How do you back up and restore your (stateful) Kubernetes workloads? Here’s a new cloud-native option.

The idea of “backup and restore” in a complex distributed system is bit weird. Is it really even possible? Can you snapshot all the components of an entire system at a single point in time, inclusive of all the side effects in downstream systems? I dunno. But you need to at least have a good recovery story for each of your major stateful components! While Kubernetes started out as a terrific orchestrator for stateless containers, it’s also matured as a runtime for stateful workloads. Lots of folks are now using Kubernetes to run databases, event processors, ML models. and even “legacy” apps that maintain local state. Until now, public cloud users have only had DIY or 3rd party options when it comes to backing up their Kubernetes clusters, but not any more.
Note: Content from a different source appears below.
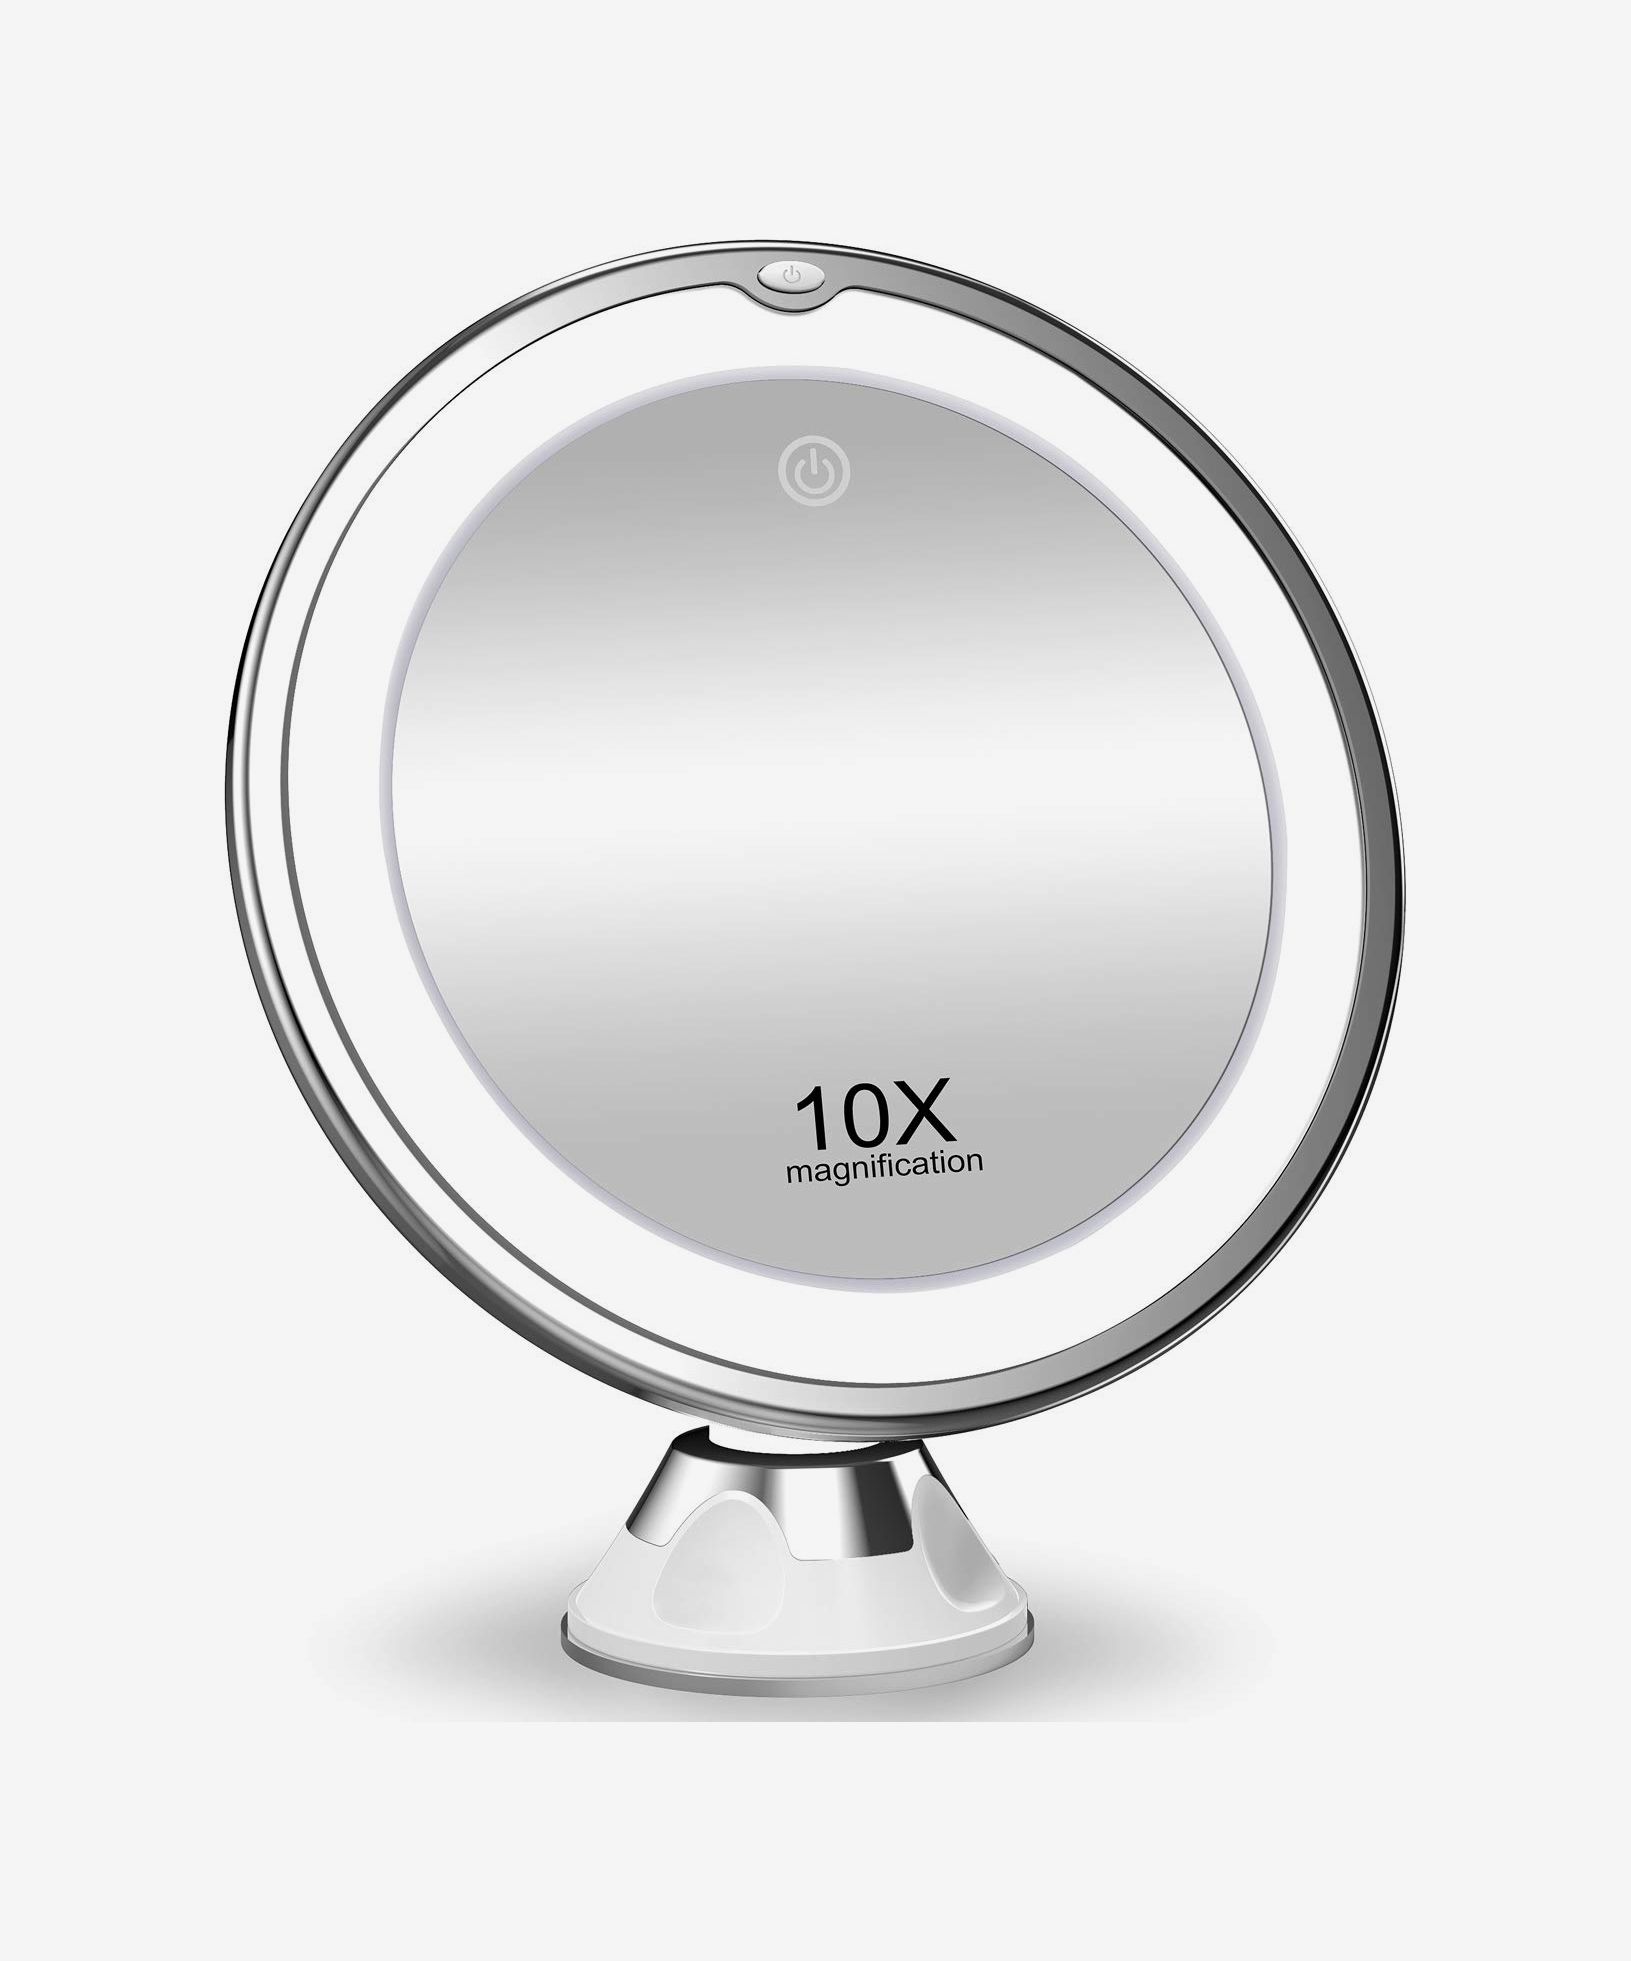 14 Best Lighted Makeup Mirrors 2021, Lighted Makeup Mirrors 10x

Google Cloud just shipped a new built-in Backup for Google Kubernetes Engine (GKE) feature, and I wanted to try it out.

What Backup for GKE does

Basically, it captures the resources—at the cluster or namespace level—and persistent volumes within a given cluster at a specific point in time. It does not back up cluster configurations themselves (e.g. node pool size, machine types, enabled cluster features). For that, you’d like likely have an infrastructure-as-code approach for stamping out clusters (using something like Terraform), and use Backup for GKE to restore the state of your running app. This diagram from the official docs shows the architecture:

Architecture of Backup for GKE

A Kubernetes cluster backup comes from a “backup plan” that defines the scope of a given backup. With these, you choose a cluster to back up, which namespaces you want backed up, and a schedule (if any). To restore a backup into an existing cluster, you execute a pre-defined “restore plan.” All of this is part of a fully managed Google Cloud service, so you’re not stuck operating any of the backup machinery.

Setting up Backup for GKE on a new cluster

Backup for GKE works with existing clusters (see Appendix A below), but I wanted to try it out on a fresh cluster first.

I started with a GKE standard cluster. First, I made sure to choose a Kubernetes version that supported the Backup feature. Right now, that’s Kubernetes 1.24 or higher.

I also turned on two features at the cluster-level. The first was Workload Identity. This security feature enforces more granular, workload-specific permissions to access other Google Cloud services.

The second and final feature to enable is Backup for GKE. This injects the agent into the cluster and connects it to the control plane.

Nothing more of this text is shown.